Утерянный рай - Александр Лапин
Шрифт:
Интервал:
Закладка:
XIV
«Нет повести печальнее на свете, чем повесть о Ромео и Джульетте», – написал в шестнадцатом веке некий автор, никому доныне не известный, скрывавшийся под псевдонимом Вильям Шекспир.
Сашка ухитрился прочитать эту книгу еще в седьмом классе. Но тогда она на него особого впечатления не произвела. Пьеса, она и есть пьеса. Реплики короткие. Какие-то надуманные слова. Непонятная вражда двух кланов. Картинки разве что красивые, старинные, а так… ерунда.
А тут сестра с утра предложила:
– Пойдем в кино. У нас тут рядом летний кинотеатр сезон начинает. «Ромео и Джульетту» показывают.
«Ну, в кино так в кино».
Фильм, конечно, роскошный. Цветной, широкоформатный. Костюмы обалденные. Все пляшет, все играет. Актеру – Ромео – шестнадцать лет, актрисе – Джульетте – четырнадцать. Целуются, воркуют как голубки. А в финальной сцене, когда выносят их, умерших за любовь, на носилках, слеза прошибла…
И вот он, размягченный и потрясенный, шагает после фильма теплым весенним вечерком. Шагает, поглощенный своими воспоминаниями, своей любовью и печалью. А вокруг толпа людей, и все судят, рядят о картине.
– Им-то хорошо было. В четырнадцать лет у них такая любовь. Одни страсти, – сформулировал свои впечатления неприлично толстый мужчина в шляпе и очках.
– Конечно! – ответила его необъятная спутница, переставляя ноги-тумбы и мотая рыжей дурацкой прической по ходу движения. – Им не надо было учиться в школе, потом поступать в институт, защищать диссертации…

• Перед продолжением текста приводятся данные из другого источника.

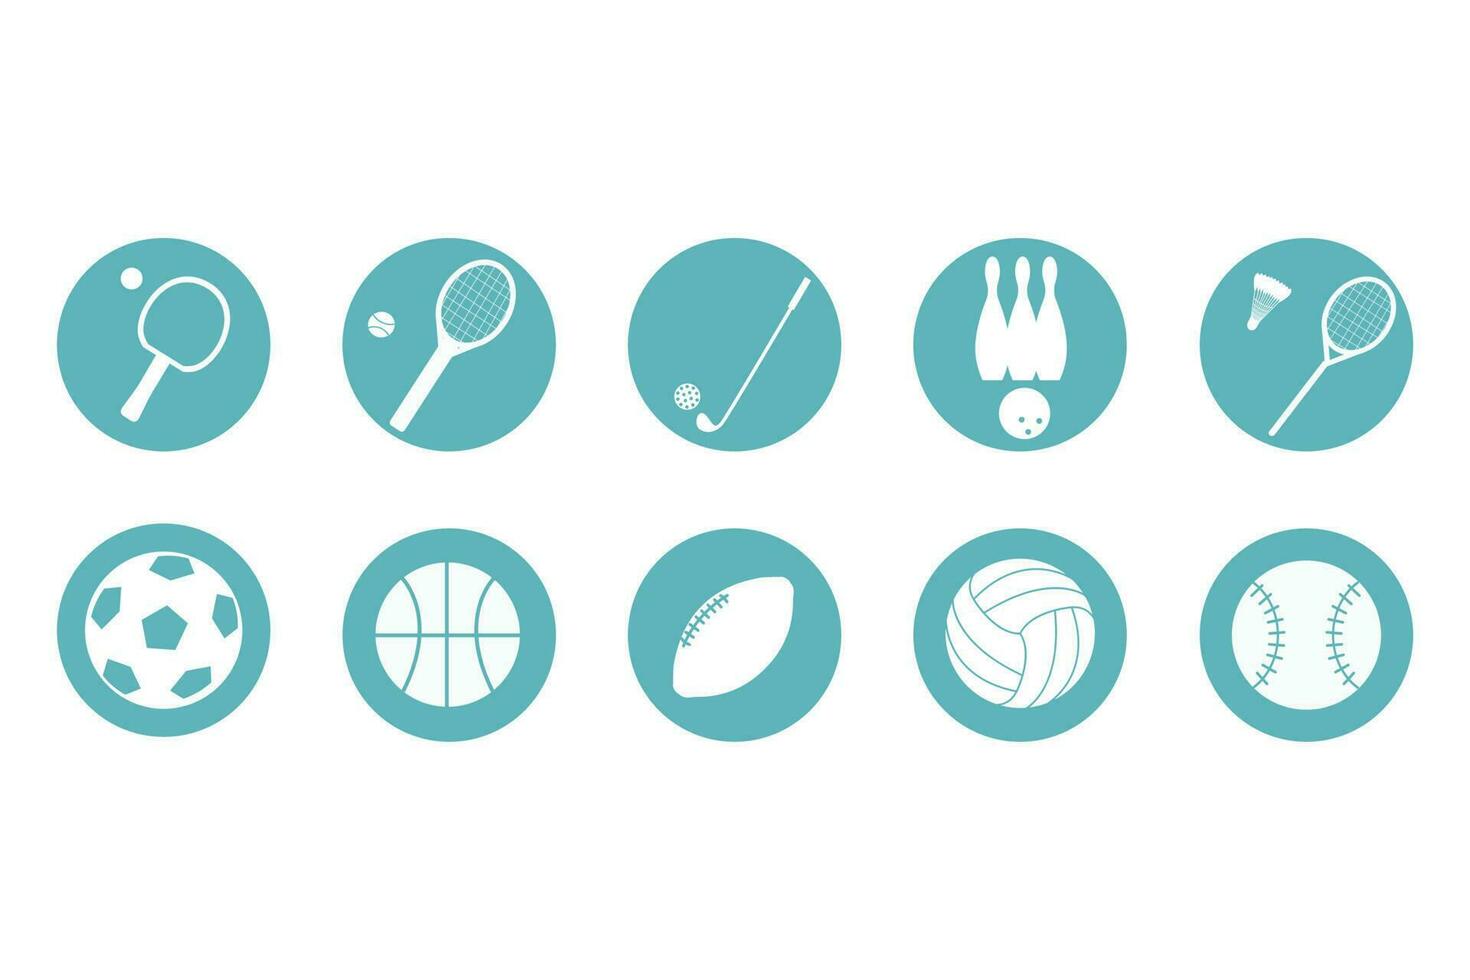 Portable equipment icons. Sports concept with balls and game items. Vector illustration
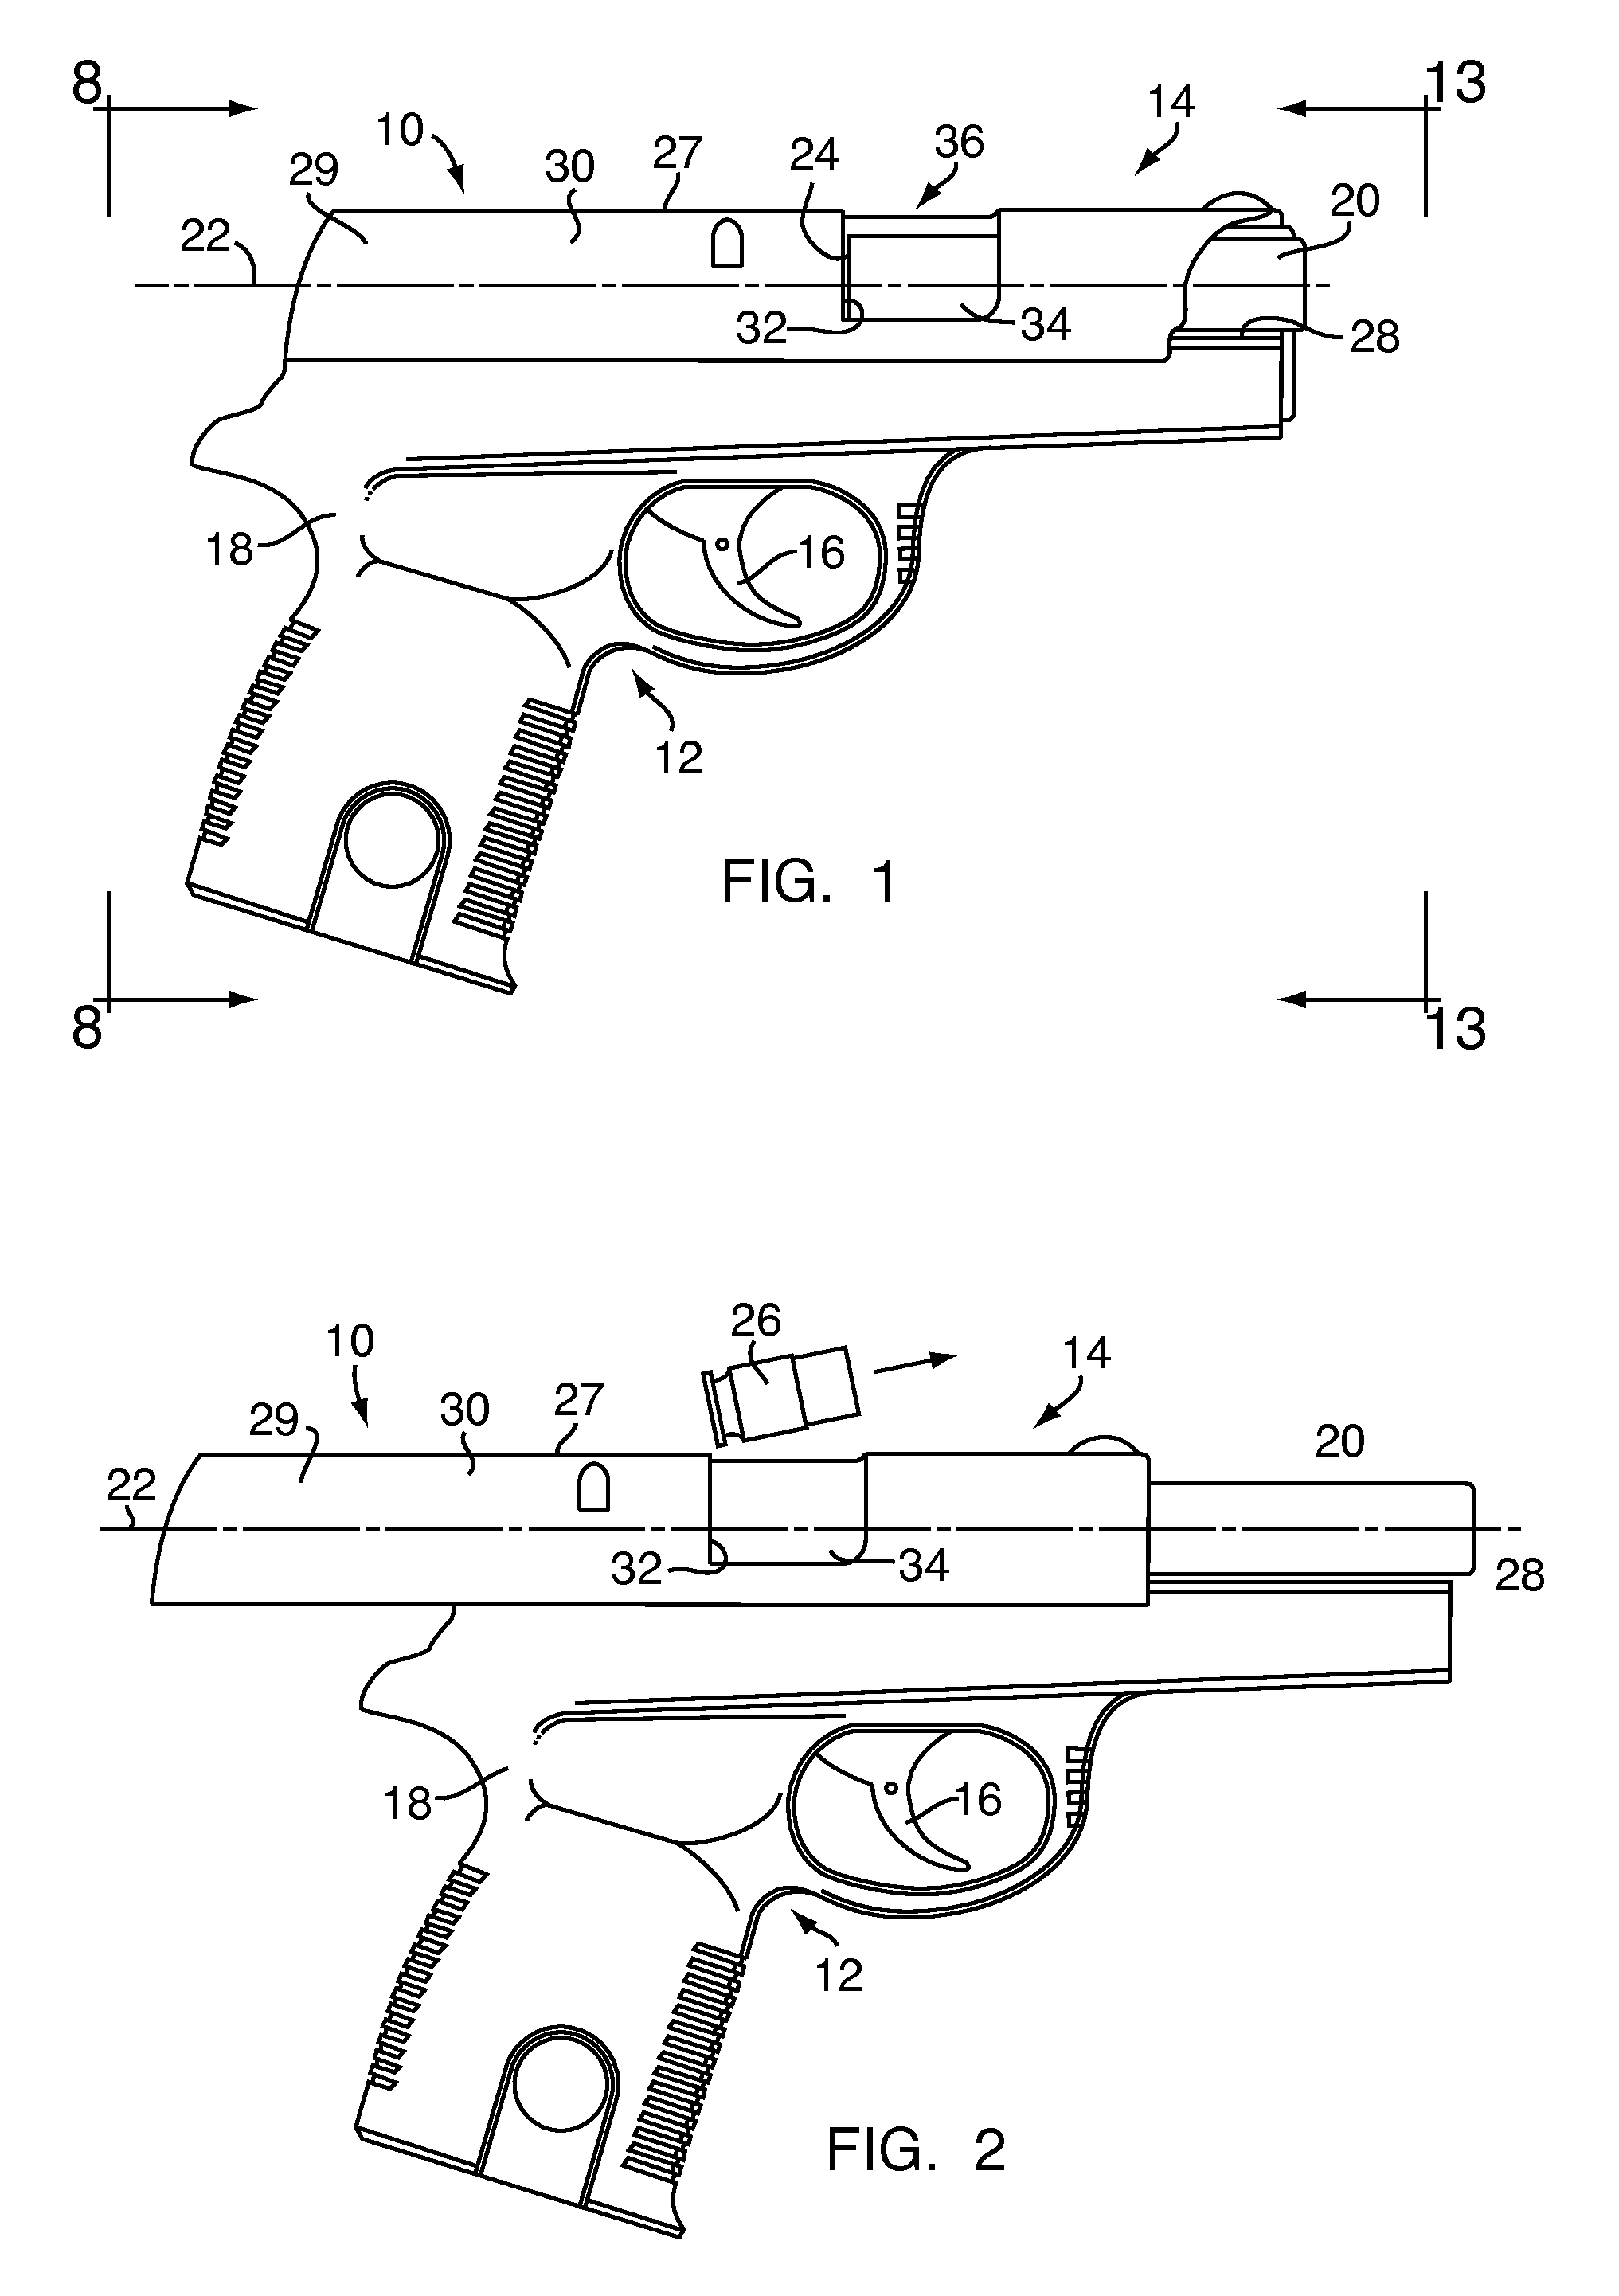 Automatic firing pin block safety for a firearm

Дубравин услышал эту реплику и горько усмехнулся, неожиданно подумав: «А стали ли мы счастливее от того, что учимся в институтах, делаем карьеру? Вот, к примеру, мы с Галкою. Разве я счастлив? Она там. Я здесь. А радости от такой жизни ни на грош. И разделяют нас такие же условности, какие разделяли Ромео и Джульетту. Там – вражда. Здесь – необходимость…».
Сестра Зойка шла рядом с ним. Маленькая, на каблучищах, с высоченной прической, она все равно едва доставала ему до плеча. Шурка только сейчас заметил, что Зойка разительно не похожа на них, на Дубравиных. Глаза голубые, а разрез у них восточный, монгольский. «Это потому, что у нас разные отцы. Ее отец погиб на войне. И, похоже, что в нем была калмыцкая кровь».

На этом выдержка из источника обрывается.